4. Adipose Tissue – insulin stimulates transport of glucose into adipose tissue which use them for
energy and as a source of glycerol to make triacylglycerols
Fate of Lipoproteins in Fed State – chylomicrons and VLDL are produced in the fed state and function to
provide blood a transport system for triacylglycerols and cholesterol (insoluble in H2O).
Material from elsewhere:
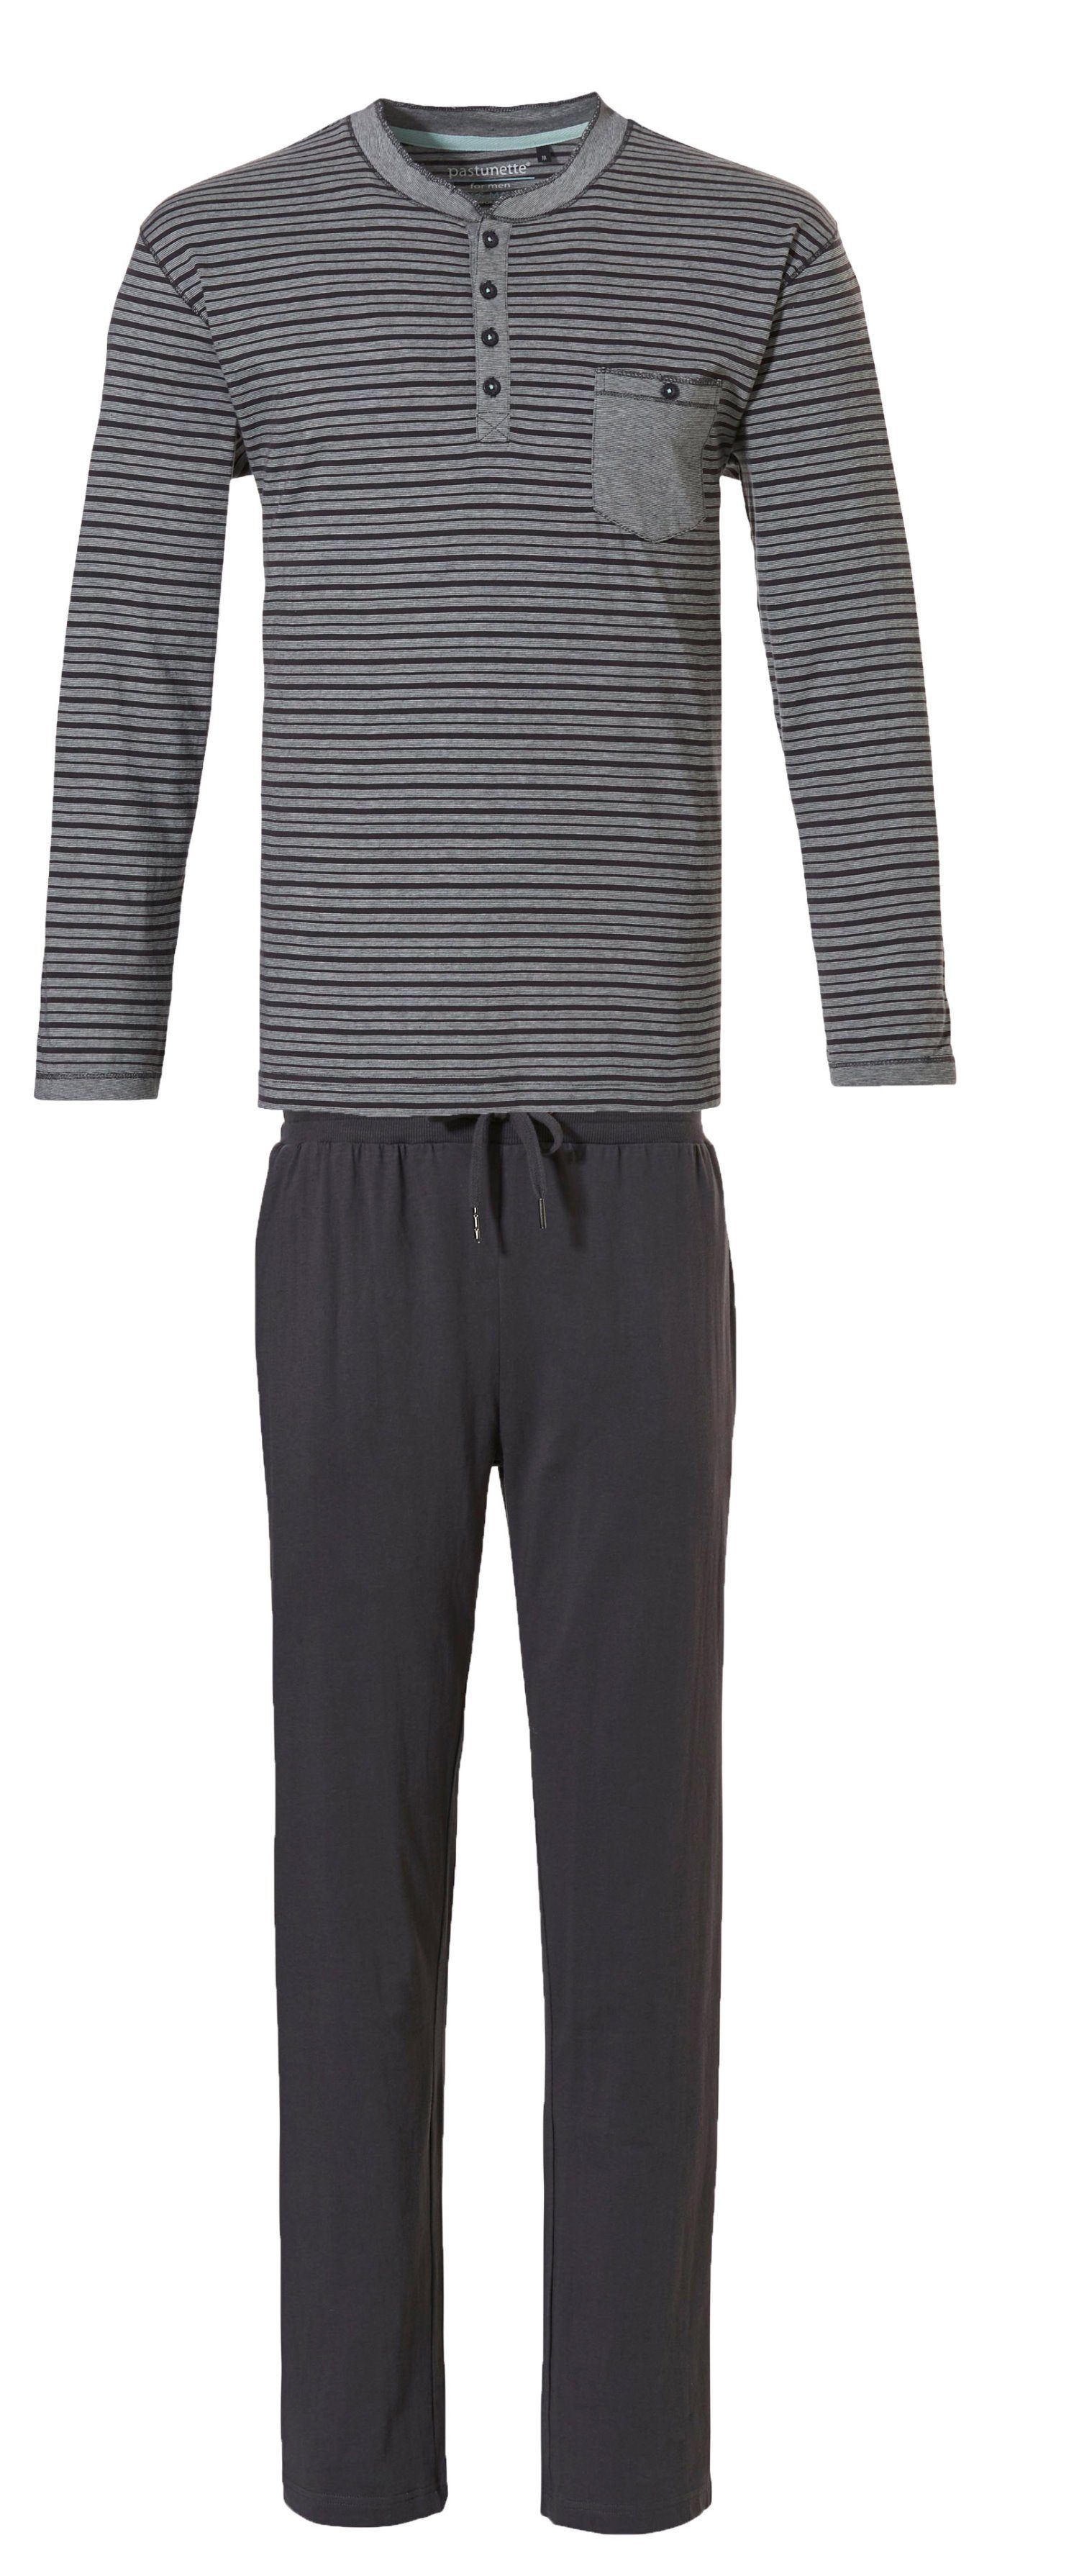 Pastunette Pyjama Pastunette Herren Schlafanzug lang Baumwolle Mix und Match Grey
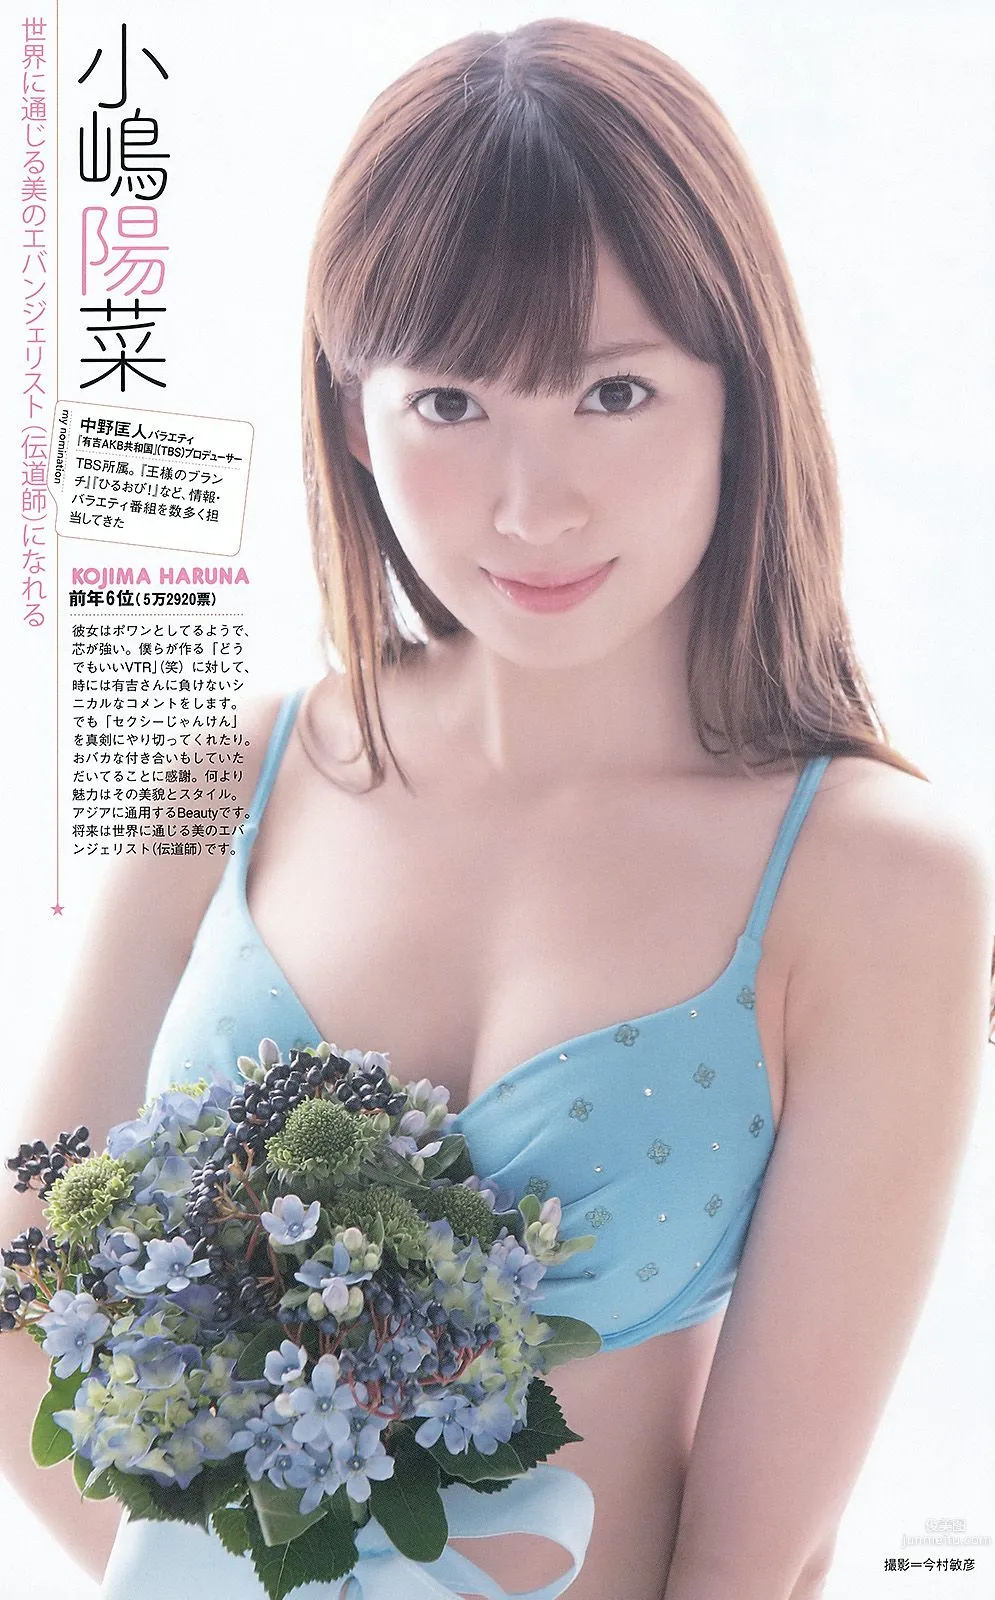 松井玲奈 大場美奈 丸高愛実 小原春香 AKB48 青木爱 香西咲 [Weekly Playboy] 2012年No.25 写真杂志46

-Triacylglycerols from small intestine go into chylomicrons, those from VLDL come from liver
-As lipoproteins pass through blood vessels in adipose, triacylglycerols degraded to fatty acids and
glycerol, which enter the cells and combine with glycerol from blood glucose to reform triacylglycerols
and stored in large fat droplets in cells.
-Remaining chylomicrons cleared from blood by liver
-VLDL can be cleared by liver or converted to LDL which is cleared by liver or by peripheral cells
Fate of Amino Acids in the Fed State – Amino acids from dietary proteins travel from the intestine to
the liver by the hepatic portal vein for the synthesis of serum proteins, its own proteins, and Ncontaining compounds that need AA precursors such as nonessential AA, heme, hormones,
neurotransmitters, purine and pyrimidine.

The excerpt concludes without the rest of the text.